TASK MATERIAL section start
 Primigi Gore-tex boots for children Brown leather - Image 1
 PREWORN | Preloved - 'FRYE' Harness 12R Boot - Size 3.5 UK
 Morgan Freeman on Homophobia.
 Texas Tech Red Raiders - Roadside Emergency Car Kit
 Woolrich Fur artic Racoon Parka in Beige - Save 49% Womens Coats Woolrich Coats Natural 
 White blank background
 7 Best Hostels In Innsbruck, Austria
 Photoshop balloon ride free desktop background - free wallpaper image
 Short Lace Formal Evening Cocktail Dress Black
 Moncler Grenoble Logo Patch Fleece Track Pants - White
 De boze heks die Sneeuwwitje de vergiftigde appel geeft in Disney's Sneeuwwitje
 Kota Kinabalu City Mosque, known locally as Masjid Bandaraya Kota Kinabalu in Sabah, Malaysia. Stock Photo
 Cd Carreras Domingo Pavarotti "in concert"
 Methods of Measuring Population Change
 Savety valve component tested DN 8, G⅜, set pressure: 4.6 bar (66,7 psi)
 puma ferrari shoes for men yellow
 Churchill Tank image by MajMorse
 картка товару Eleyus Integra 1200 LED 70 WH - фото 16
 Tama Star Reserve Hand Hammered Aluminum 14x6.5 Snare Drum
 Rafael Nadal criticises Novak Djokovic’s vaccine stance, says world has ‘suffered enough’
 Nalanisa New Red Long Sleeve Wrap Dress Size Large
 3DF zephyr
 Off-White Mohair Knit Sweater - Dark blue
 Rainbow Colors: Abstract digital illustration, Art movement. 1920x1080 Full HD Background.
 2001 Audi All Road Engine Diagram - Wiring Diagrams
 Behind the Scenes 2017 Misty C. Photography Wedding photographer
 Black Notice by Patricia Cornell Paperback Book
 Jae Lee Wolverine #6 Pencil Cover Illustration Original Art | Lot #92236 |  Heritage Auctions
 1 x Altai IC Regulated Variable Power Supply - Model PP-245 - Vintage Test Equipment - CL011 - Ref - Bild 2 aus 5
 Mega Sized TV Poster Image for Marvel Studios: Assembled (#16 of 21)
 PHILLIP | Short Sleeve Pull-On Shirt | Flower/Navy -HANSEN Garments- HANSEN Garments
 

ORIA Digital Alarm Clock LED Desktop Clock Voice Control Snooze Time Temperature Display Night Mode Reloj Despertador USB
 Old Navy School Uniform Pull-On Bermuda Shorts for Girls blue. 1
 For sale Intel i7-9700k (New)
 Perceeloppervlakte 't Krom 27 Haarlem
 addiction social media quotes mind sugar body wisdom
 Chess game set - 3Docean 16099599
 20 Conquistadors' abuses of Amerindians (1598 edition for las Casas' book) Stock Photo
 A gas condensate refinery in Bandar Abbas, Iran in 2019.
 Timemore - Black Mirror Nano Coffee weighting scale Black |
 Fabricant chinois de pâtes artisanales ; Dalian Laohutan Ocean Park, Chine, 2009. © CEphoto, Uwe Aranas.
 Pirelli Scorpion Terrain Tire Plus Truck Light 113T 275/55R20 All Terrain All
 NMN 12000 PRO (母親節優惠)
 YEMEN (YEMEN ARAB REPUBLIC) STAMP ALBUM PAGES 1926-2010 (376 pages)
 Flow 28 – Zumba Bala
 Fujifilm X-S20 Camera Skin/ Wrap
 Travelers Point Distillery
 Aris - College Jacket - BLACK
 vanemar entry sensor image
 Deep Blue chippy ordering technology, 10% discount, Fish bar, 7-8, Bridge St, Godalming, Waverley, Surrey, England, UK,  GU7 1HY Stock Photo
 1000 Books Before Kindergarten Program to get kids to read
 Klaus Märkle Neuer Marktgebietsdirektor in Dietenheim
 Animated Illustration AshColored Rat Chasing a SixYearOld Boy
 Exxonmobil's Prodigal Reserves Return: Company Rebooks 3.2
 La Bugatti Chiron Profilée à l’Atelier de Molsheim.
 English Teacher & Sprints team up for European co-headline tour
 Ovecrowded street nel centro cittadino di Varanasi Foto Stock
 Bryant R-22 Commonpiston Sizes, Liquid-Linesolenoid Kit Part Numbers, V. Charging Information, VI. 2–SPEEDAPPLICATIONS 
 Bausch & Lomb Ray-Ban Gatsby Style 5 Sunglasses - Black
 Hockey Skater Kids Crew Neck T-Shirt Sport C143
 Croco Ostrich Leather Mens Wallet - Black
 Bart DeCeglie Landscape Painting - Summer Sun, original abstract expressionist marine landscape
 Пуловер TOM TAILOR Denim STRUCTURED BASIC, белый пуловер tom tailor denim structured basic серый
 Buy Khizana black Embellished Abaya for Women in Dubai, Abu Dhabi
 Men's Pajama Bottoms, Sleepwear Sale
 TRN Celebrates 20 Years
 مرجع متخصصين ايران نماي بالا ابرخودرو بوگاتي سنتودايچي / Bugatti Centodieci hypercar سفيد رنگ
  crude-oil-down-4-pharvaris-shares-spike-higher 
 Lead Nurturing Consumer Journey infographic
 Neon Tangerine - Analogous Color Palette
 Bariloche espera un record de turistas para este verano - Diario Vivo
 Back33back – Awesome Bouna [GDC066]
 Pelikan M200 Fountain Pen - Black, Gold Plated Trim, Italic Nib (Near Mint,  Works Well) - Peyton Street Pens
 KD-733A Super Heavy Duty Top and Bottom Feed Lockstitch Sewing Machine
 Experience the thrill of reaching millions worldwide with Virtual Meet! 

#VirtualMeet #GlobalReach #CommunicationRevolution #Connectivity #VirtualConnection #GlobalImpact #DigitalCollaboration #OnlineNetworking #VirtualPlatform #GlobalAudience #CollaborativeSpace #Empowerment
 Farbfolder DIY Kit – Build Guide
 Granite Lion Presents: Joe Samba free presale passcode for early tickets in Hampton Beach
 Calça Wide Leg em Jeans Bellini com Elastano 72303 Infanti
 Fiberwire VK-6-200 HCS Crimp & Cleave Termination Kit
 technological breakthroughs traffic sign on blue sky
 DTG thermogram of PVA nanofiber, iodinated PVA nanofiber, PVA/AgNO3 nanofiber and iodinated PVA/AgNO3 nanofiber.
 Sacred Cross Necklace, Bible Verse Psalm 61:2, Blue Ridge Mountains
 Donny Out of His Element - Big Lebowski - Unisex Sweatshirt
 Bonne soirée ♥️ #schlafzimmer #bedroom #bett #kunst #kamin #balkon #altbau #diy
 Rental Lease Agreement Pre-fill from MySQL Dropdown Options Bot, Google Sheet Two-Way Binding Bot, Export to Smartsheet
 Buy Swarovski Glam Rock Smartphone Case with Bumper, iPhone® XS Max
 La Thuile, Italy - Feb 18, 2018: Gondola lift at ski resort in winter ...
TASK MATERIAL section end
• [WORK INSTRUCTION]:
Please make the answer a complete, exact reproduction of the records.

• [SOLUTION FOR THIS PROBLEM]:
 Primigi Gore-tex boots for children Brown leather - Image 1
 PREWORN | Preloved - 'FRYE' Harness 12R Boot - Size 3.5 UK
 Morgan Freeman on Homophobia.
 Texas Tech Red Raiders - Roadside Emergency Car Kit
 Woolrich Fur artic Racoon Parka in Beige - Save 49% Womens Coats Woolrich Coats Natural 
 White blank background
 7 Best Hostels In Innsbruck, Austria
 Photoshop balloon ride free desktop background - free wallpaper image
 Short Lace Formal Evening Cocktail Dress Black
 Moncler Grenoble Logo Patch Fleece Track Pants - White
 De boze heks die Sneeuwwitje de vergiftigde appel geeft in Disney's Sneeuwwitje
 Kota Kinabalu City Mosque, known locally as Masjid Bandaraya Kota Kinabalu in Sabah, Malaysia. Stock Photo
 Cd Carreras Domingo Pavarotti "in concert"
 Methods of Measuring Population Change
 Savety valve component tested DN 8, G⅜, set pressure: 4.6 bar (66,7 psi)
 puma ferrari shoes for men yellow
 Churchill Tank image by MajMorse
 картка товару Eleyus Integra 1200 LED 70 WH - фото 16
 Tama Star Reserve Hand Hammered Aluminum 14x6.5 Snare Drum
 Rafael Nadal criticises Novak Djokovic’s vaccine stance, says world has ‘suffered enough’
 Nalanisa New Red Long Sleeve Wrap Dress Size Large
 3DF zephyr
 Off-White Mohair Knit Sweater - Dark blue
 Rainbow Colors: Abstract digital illustration, Art movement. 1920x1080 Full HD Background.
 2001 Audi All Road Engine Diagram - Wiring Diagrams
 Behind the Scenes 2017 Misty C. Photography Wedding photographer
 Black Notice by Patricia Cornell Paperback Book
 Jae Lee Wolverine #6 Pencil Cover Illustration Original Art | Lot #92236 |  Heritage Auctions
 1 x Altai IC Regulated Variable Power Supply - Model PP-245 - Vintage Test Equipment - CL011 - Ref - Bild 2 aus 5
 Mega Sized TV Poster Image for Marvel Studios: Assembled (#16 of 21)
 PHILLIP | Short Sleeve Pull-On Shirt | Flower/Navy -HANSEN Garments- HANSEN Garments
 

ORIA Digital Alarm Clock LED Desktop Clock Voice Control Snooze Time Temperature Display Night Mode Reloj Despertador USB
 Old Navy School Uniform Pull-On Bermuda Shorts for Girls blue. 1
 For sale Intel i7-9700k (New)
 Perceeloppervlakte 't Krom 27 Haarlem
 addiction social media quotes mind sugar body wisdom
 Chess game set - 3Docean 16099599
 20 Conquistadors' abuses of Amerindians (1598 edition for las Casas' book) Stock Photo
 A gas condensate refinery in Bandar Abbas, Iran in 2019.
 Timemore - Black Mirror Nano Coffee weighting scale Black |
 Fabricant chinois de pâtes artisanales ; Dalian Laohutan Ocean Park, Chine, 2009. © CEphoto, Uwe Aranas.
 Pirelli Scorpion Terrain Tire Plus Truck Light 113T 275/55R20 All Terrain All
 NMN 12000 PRO (母親節優惠)
 YEMEN (YEMEN ARAB REPUBLIC) STAMP ALBUM PAGES 1926-2010 (376 pages)
 Flow 28 – Zumba Bala
 Fujifilm X-S20 Camera Skin/ Wrap
 Travelers Point Distillery
 Aris - College Jacket - BLACK
 vanemar entry sensor image
 Deep Blue chippy ordering technology, 10% discount, Fish bar, 7-8, Bridge St, Godalming, Waverley, Surrey, England, UK,  GU7 1HY Stock Photo
 1000 Books Before Kindergarten Program to get kids to read
 Klaus Märkle Neuer Marktgebietsdirektor in Dietenheim
 Animated Illustration AshColored Rat Chasing a SixYearOld Boy
 Exxonmobil's Prodigal Reserves Return: Company Rebooks 3.2
 La Bugatti Chiron Profilée à l’Atelier de Molsheim.
 English Teacher & Sprints team up for European co-headline tour
 Ovecrowded street nel centro cittadino di Varanasi Foto Stock
 Bryant R-22 Commonpiston Sizes, Liquid-Linesolenoid Kit Part Numbers, V. Charging Information, VI. 2–SPEEDAPPLICATIONS 
 Bausch & Lomb Ray-Ban Gatsby Style 5 Sunglasses - Black
 Hockey Skater Kids Crew Neck T-Shirt Sport C143
 Croco Ostrich Leather Mens Wallet - Black
 Bart DeCeglie Landscape Painting - Summer Sun, original abstract expressionist marine landscape
 Пуловер TOM TAILOR Denim STRUCTURED BASIC, белый пуловер tom tailor denim structured basic серый
 Buy Khizana black Embellished Abaya for Women in Dubai, Abu Dhabi
 Men's Pajama Bottoms, Sleepwear Sale
 TRN Celebrates 20 Years
 مرجع متخصصين ايران نماي بالا ابرخودرو بوگاتي سنتودايچي / Bugatti Centodieci hypercar سفيد رنگ
  crude-oil-down-4-pharvaris-shares-spike-higher 
 Lead Nurturing Consumer Journey infographic
 Neon Tangerine - Analogous Color Palette
 Bariloche espera un record de turistas para este verano - Diario Vivo
 Back33back – Awesome Bouna [GDC066]
 Pelikan M200 Fountain Pen - Black, Gold Plated Trim, Italic Nib (Near Mint,  Works Well) - Peyton Street Pens
 KD-733A Super Heavy Duty Top and Bottom Feed Lockstitch Sewing Machine
 Experience the thrill of reaching millions worldwide with Virtual Meet! 

#VirtualMeet #GlobalReach #CommunicationRevolution #Connectivity #VirtualConnection #GlobalImpact #DigitalCollaboration #OnlineNetworking #VirtualPlatform #GlobalAudience #CollaborativeSpace #Empowerment
 Farbfolder DIY Kit – Build Guide
 Granite Lion Presents: Joe Samba free presale passcode for early tickets in Hampton Beach
 Calça Wide Leg em Jeans Bellini com Elastano 72303 Infanti
 Fiberwire VK-6-200 HCS Crimp & Cleave Termination Kit
 technological breakthroughs traffic sign on blue sky
 DTG thermogram of PVA nanofiber, iodinated PVA nanofiber, PVA/AgNO3 nanofiber and iodinated PVA/AgNO3 nanofiber.
 Sacred Cross Necklace, Bible Verse Psalm 61:2, Blue Ridge Mountains
 Donny Out of His Element - Big Lebowski - Unisex Sweatshirt
 Bonne soirée ♥️ #schlafzimmer #bedroom #bett #kunst #kamin #balkon #altbau #diy
 Rental Lease Agreement Pre-fill from MySQL Dropdown Options Bot, Google Sheet Two-Way Binding Bot, Export to Smartsheet
 Buy Swarovski Glam Rock Smartphone Case with Bumper, iPhone® XS Max
 La Thuile, Italy - Feb 18, 2018: Gondola lift at ski resort in winter ...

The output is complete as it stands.